The early analysis, said Perry, shows that career technical education graduates in nursing and other health occupations, fire technology and some information technology fields are doing the best. On the other hand, students considering fine arts may want to start seeking a patron as soon as possible.
The federal scorecard, not even a week old, is already getting mixed reviews. “We are dazzled,” exclaimed Nancy Coolidge, coordinator of federal and state financial aid programs at the University of California. She said it’s easy to use and gives students and their families a good indication of college costs. “We are generally impressed with the transparency and the intuitive way it functions,” said Coolidge.
She said the scorecard would have been helpful to have a few days ago, when she was working with a family and had to use a different database, which she finds clunky and not intuitive. “This is much more accessible and easy to look at. I think this is a step in the right direction.”
Here’s how it works. Let’s say a high school student has her heart set on attending college in San Diego. If she and her parents look up San Diego State, they’d see that the median cost after grants and loans is about $8,500 a year, the average loan is nearly $15,600 and the six-year graduation rate is 65.6 percent. Comparing that to UC San Diego, they’d see the median cost is just over $12,600 a year and those families borrow more than $17,700. But the six-year graduation rate is significantly higher at 85.3 percent.
But the federal scorecard still has some bugs to work out. Early in the day, when Coolidge typed in the University of California, up popped Bethesda University of California in Anaheim.

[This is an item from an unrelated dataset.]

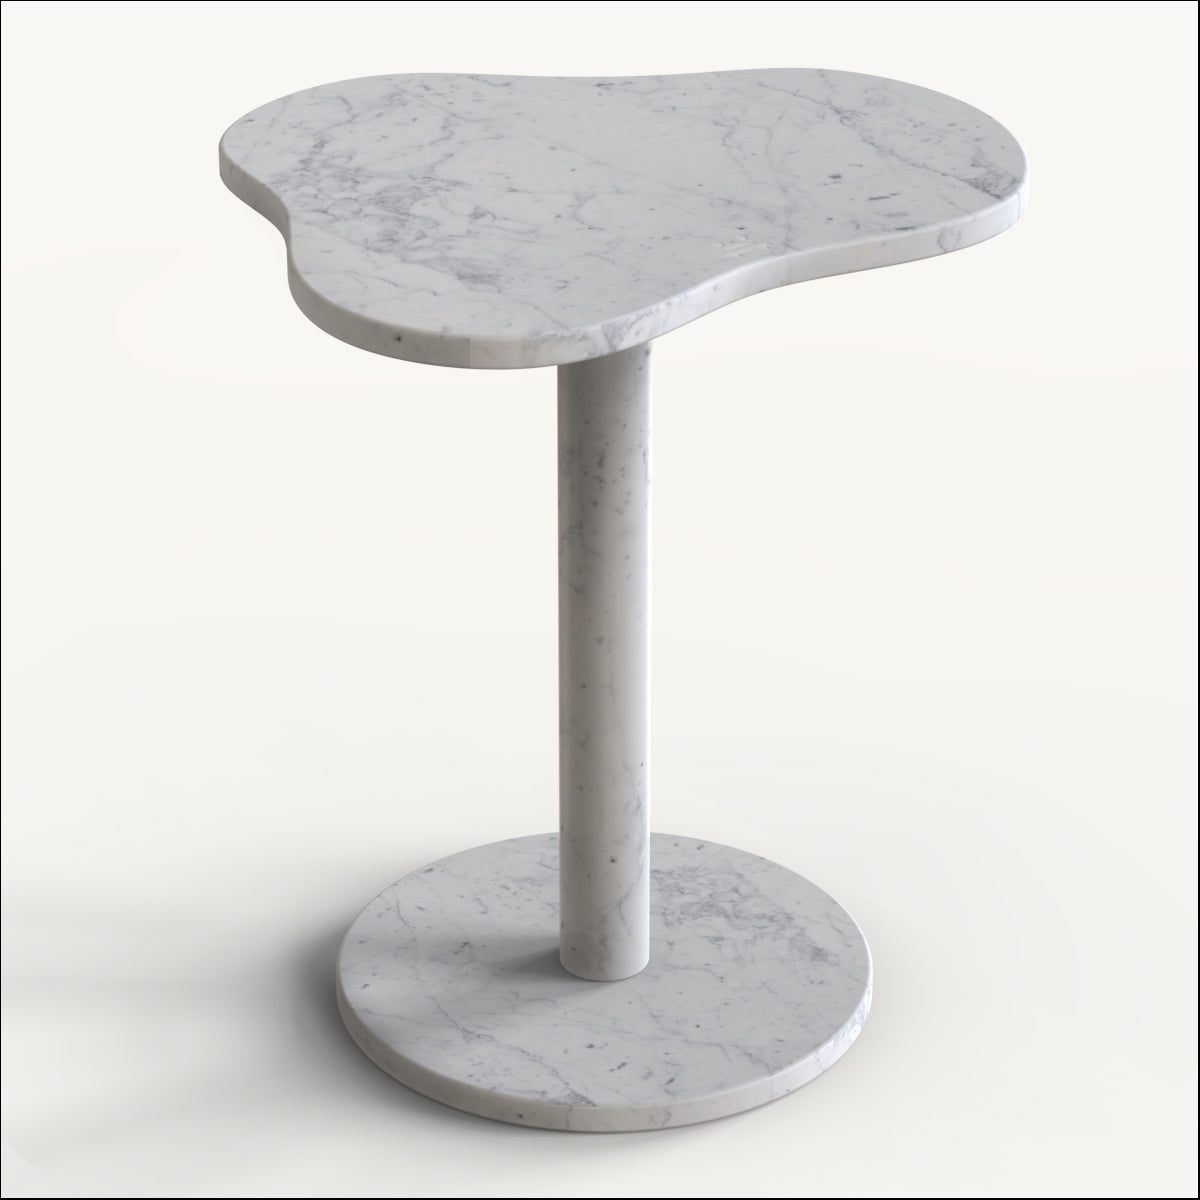 OIXDESIGN CloudDream Medium Side Table, Italian Carrara Marble, Micro Scene Graph, Side View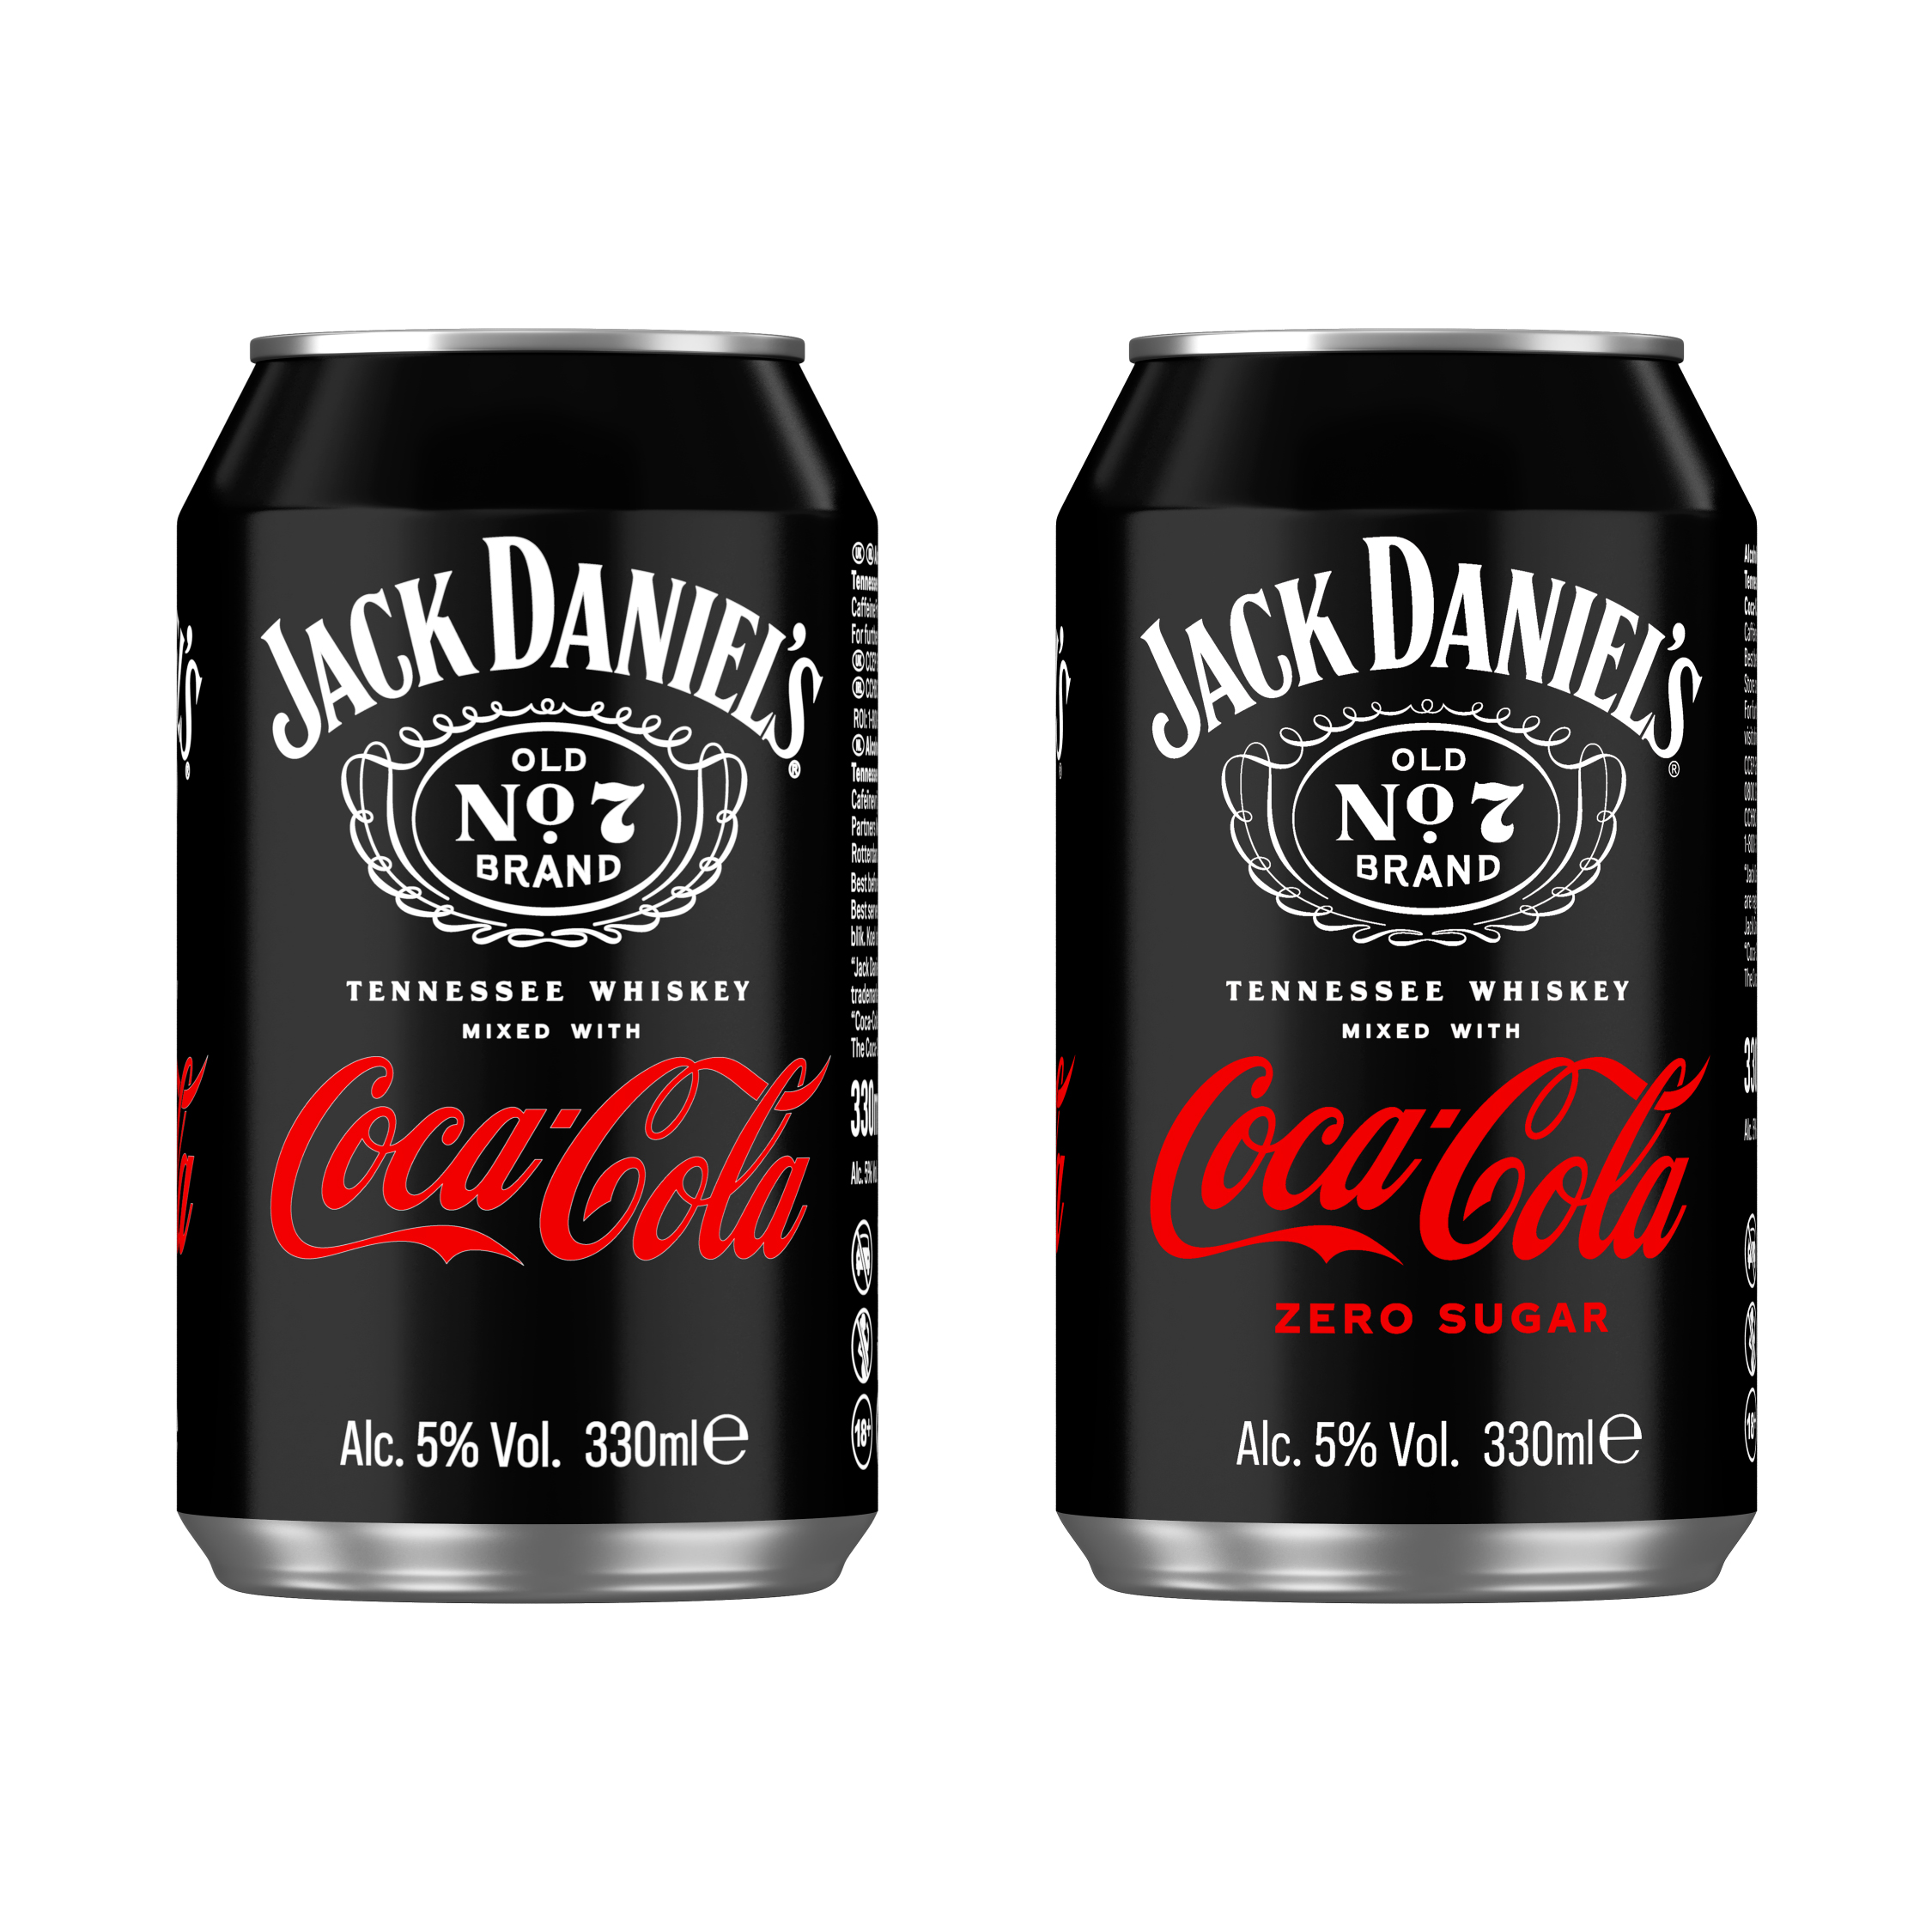 Jack Daniel’s and Coca-Cola RTD launches in GB

Other problems are potentially more serious. Debbie Cochrane, research director for The Institute for College Access and Success (TICAS), said some of the data lacks context and “could be misleading rather than enlightening,” particularly for community colleges.
On loan default rates, the institute cautions that the scorecard doesn’t report the percentage of students at each college who borrow money. In a blog posted just hours after the scorecard was released, TICAS gives the example of American River College. The community college has a 27.5 percent default rate, more than twice the national average. But what the scorecard doesn’t show is that only 8 percent of students at the college take out federal loans. “Implying that the default rate alone is indicative of student outcomes more generally does a disservice to would-be students,” they write.
The federal data also derives its median student loan amount by lumping together all loans without regard to whether a student borrowed for only one year or for four years. “You could have a school where everyone drops out after six months, but their median debt is going to be very low,” said Cochrane. “It gives you no scope of the borrowing.” Cochrane said the institute has already made the U.S. Department of Education aware of their concerns.